Hey, so I have a background, possible same you got on the way, Canyons 48x24 from Universal Rocks for my 90. Any tips on how you did yours? Spacing between the background and the back of the tank, how you decided on where to cut the holes. How is the flow/suction at the holes etc? Did you silicone the bottom and sides? Its what I'm most nervous about with my tank build.


----------



## denmck (Mar 22, 2013)

Your fish look great! Best of luck having everyone settle in. Since I just recently added fish too I understand your nerves, LOL.


----------



## B.Roberson (Nov 6, 2011)

thanks Zyle. thanks denmck.
as far as the background, I think It was 13razorbackfan to help give me ideas where to put holes. But pretty commom sense,. big enough for water to pass.i put mine near the bottom but well above the subtrate. about the hight that my intakes are behind. screen mesh so fish get thru. I puy my intakes behind and somewhat close so i think i get pretty good flow thru the holes. measured my holes where my outputs would be and drilled them all.the bg is spaced enough for ME to get my hand back there to do any maint.i have a maxi jet plummed also so enough room to remove it or work on tubing,,just enough room. i lost 3-6" on 1 end and 5" on the other end.with the shape of the bg..but i wanted to be able to vacuum if necessary or get a fish if tht ever happened. Yes i siliconed bottom and sides. bottom is easy,its covered with substrate, so no eye sore. sides were challenging.I could have done better, much slower,tedious,and cleaner, then i could have used a sand that matched the bg to cover up the silicone. but oh well. its done,/ i will live with it.


----------



## B.Roberson (Nov 6, 2011)

amm,nitrite 0 again tonite. Fish seem ok. My tanks are side by side,4-6" inbetween. The new fish semmed to huddle at one end ,nearest my 75 mbuna tank,for a day or two going up and down the corner. so i took some left over black felt from my 75 bg and hung it on the side so they cant see the other tank. they now seem to frequent the whole tank more, maybe the other fish were a distraction idk?
also sifting thru the sand now. calming down i think


----------



## Zyle (Apr 12, 2013)

Thanks! My background is supposed to come today, however I have to move to a new place in the next two months so I'm gonna put off cycling. Might get the background in thou.

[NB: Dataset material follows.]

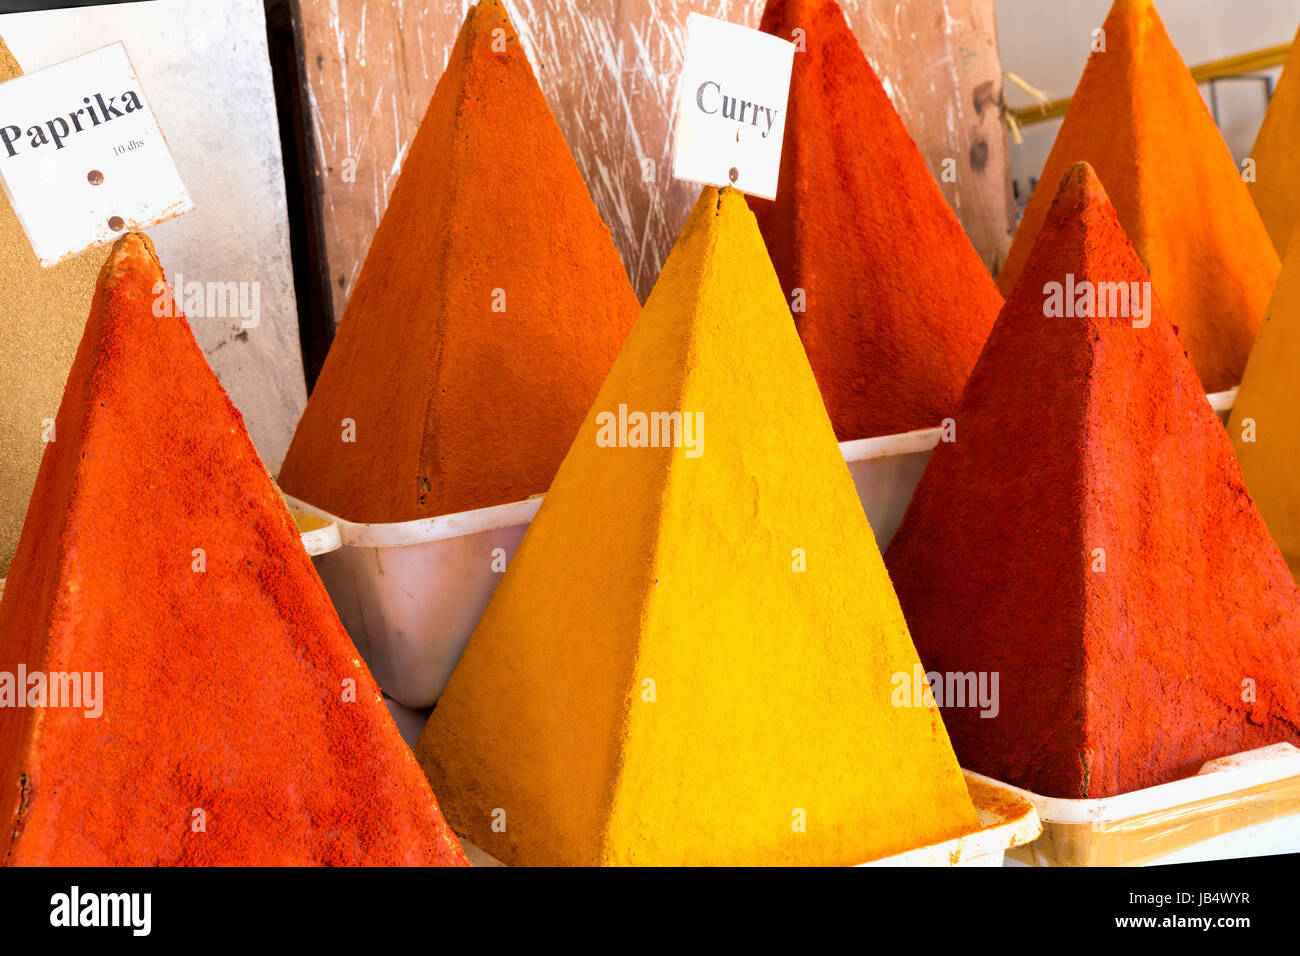 Gewürze auf einem Markt in Marokko Stock Photo

I figured the hole placement was common sense. I'm using an FX5 so the intake is easy as it has a wand that goes down closer to the bottom of the tank. Cutting a hold in front of that and adding mesh was the plan. Have you found the suction to be enough to get crud out of the tank with it being behind the background. I'm a little worried that while it will turn over the same gallons/min it won't be as effective at collecting the detritus in the tank, especially in front of the background.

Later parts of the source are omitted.